The error appears to be related to selecting variables in the recipe (see code below).
What I've tried
There are some related SO posts, such as this one, this one, or this one, but they seem to deal with different issues (such as manipulating the outcome in the recipe).
However, I would like to understand why my code throws the error in the first place.
Code that throws error
library(tidyverse)
library(tidymodels)
data("mtcars")
d_train <- mtcars %>% slice(1:20)
d_test <- mtcars %>% slice(21:nrow(mtcars))

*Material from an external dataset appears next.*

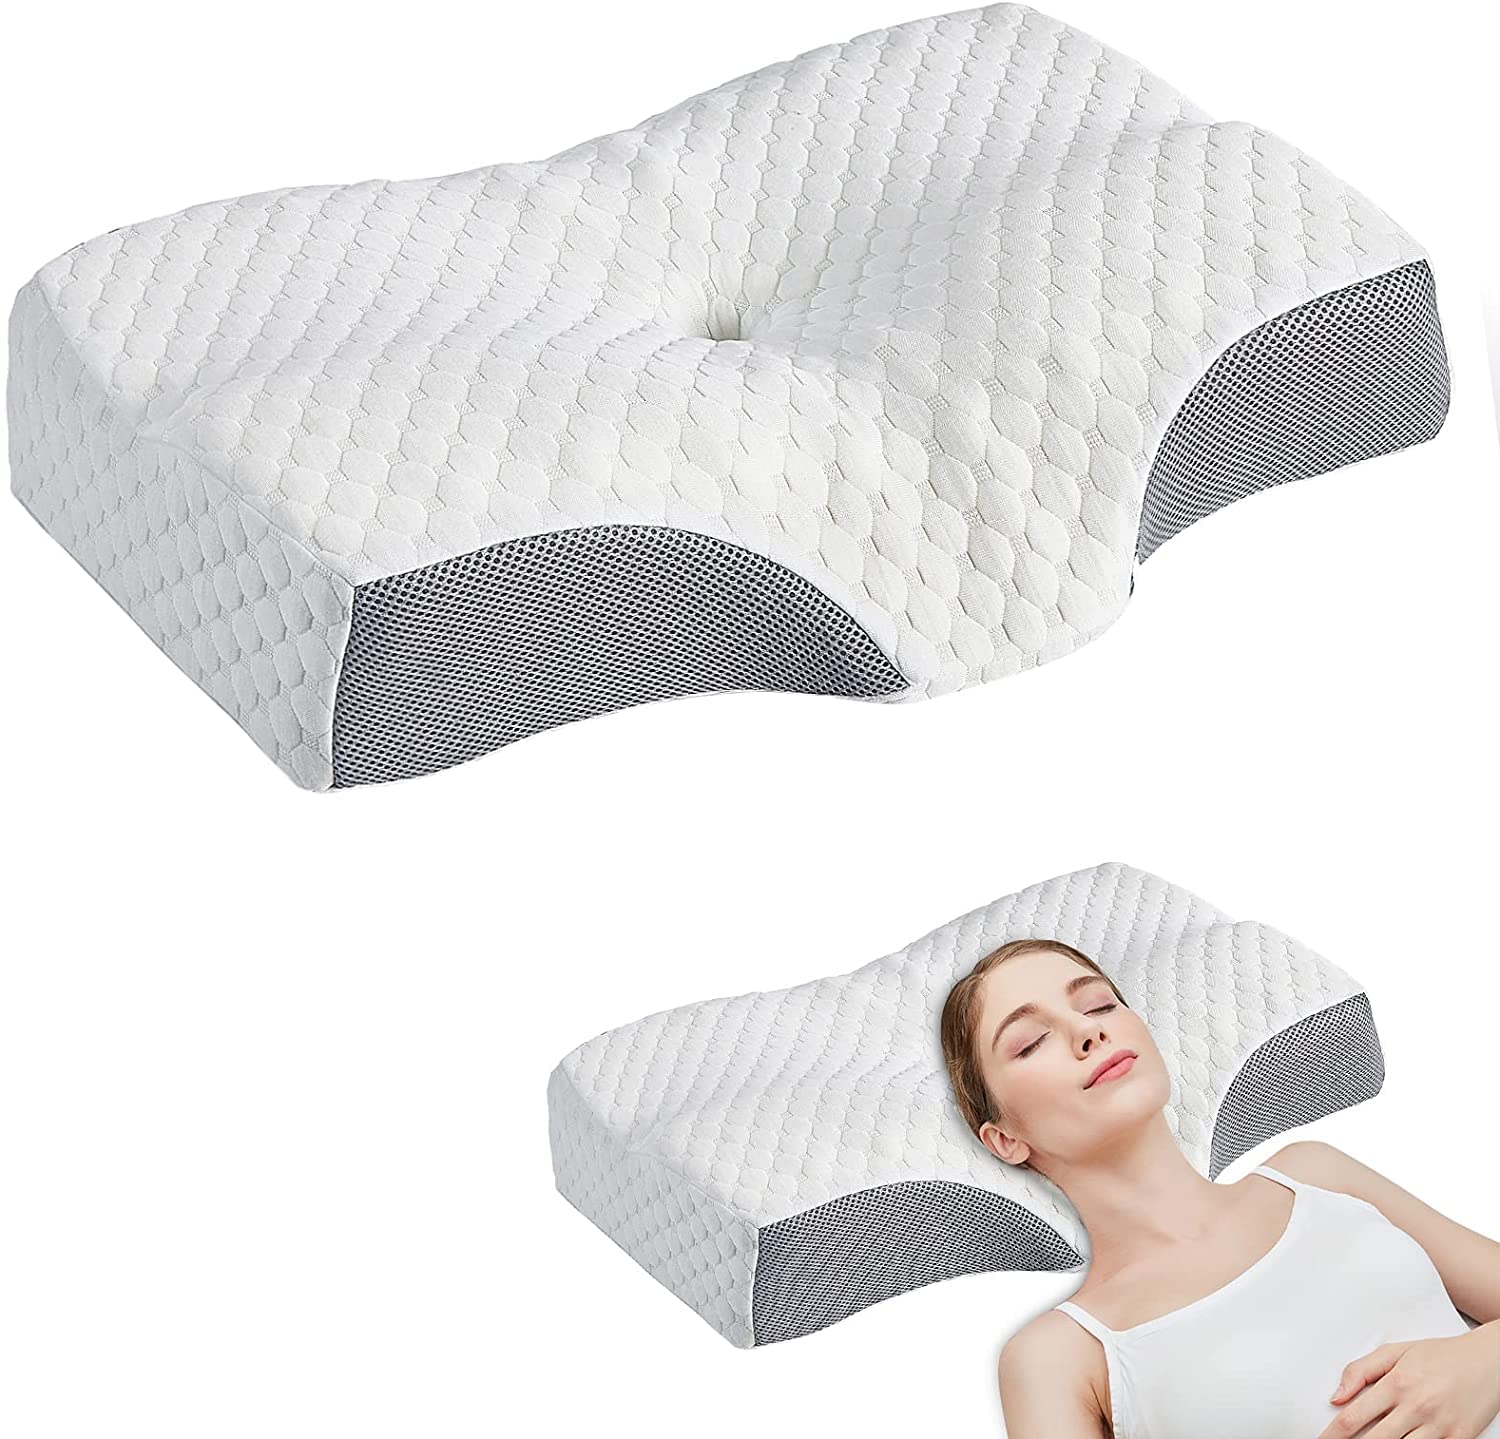 Sigoods Contour Memory Foam Pillows for Sleeping, Ergonomic

preds_chosen <- c("hp", "disp", "am")
rec1 <-
recipe( ~ ., data = d_train) %>%
step_select(all_of(preds_chosen), mpg) %>%
update_role(all_of(preds_chosen), new_role = "predictor") %>%
update_role(mpg, new_role = "outcome")
model_lm <- linear_reg()
wf1 <-
workflow() %>%
add_model(model_lm) %>%
add_recipe(rec1)
lm_fit1 <-
wf1 %>%
fit(d_train)
preds <-
lm_fit1 %>%
predict(d_test)
#> Error in `dplyr::select()`:
#> ! Can't subset columns that don't exist.
#> ✖ Column `mpg` doesn't exist.
Possible solution
If I change the recipe in the following ways, the whole code runs without an error:
rec2 <- recipe(mpg ~ hp disp am, data = d_train)
rec3 <-
recipe(mpg ~ ., data = d_train) %>%
update_role(all_predictors(), new_role = "id") %>%
update_role(all_of(preds_chosen), new_role = "predictor") %>%
update_role(mpg, new_role = "outcome")
SessionInfo
sessionInfo()
#> R version 4.1.3 (2022-03-10)
#> Platform: x86_64-apple-darwin17.0 (64-bit)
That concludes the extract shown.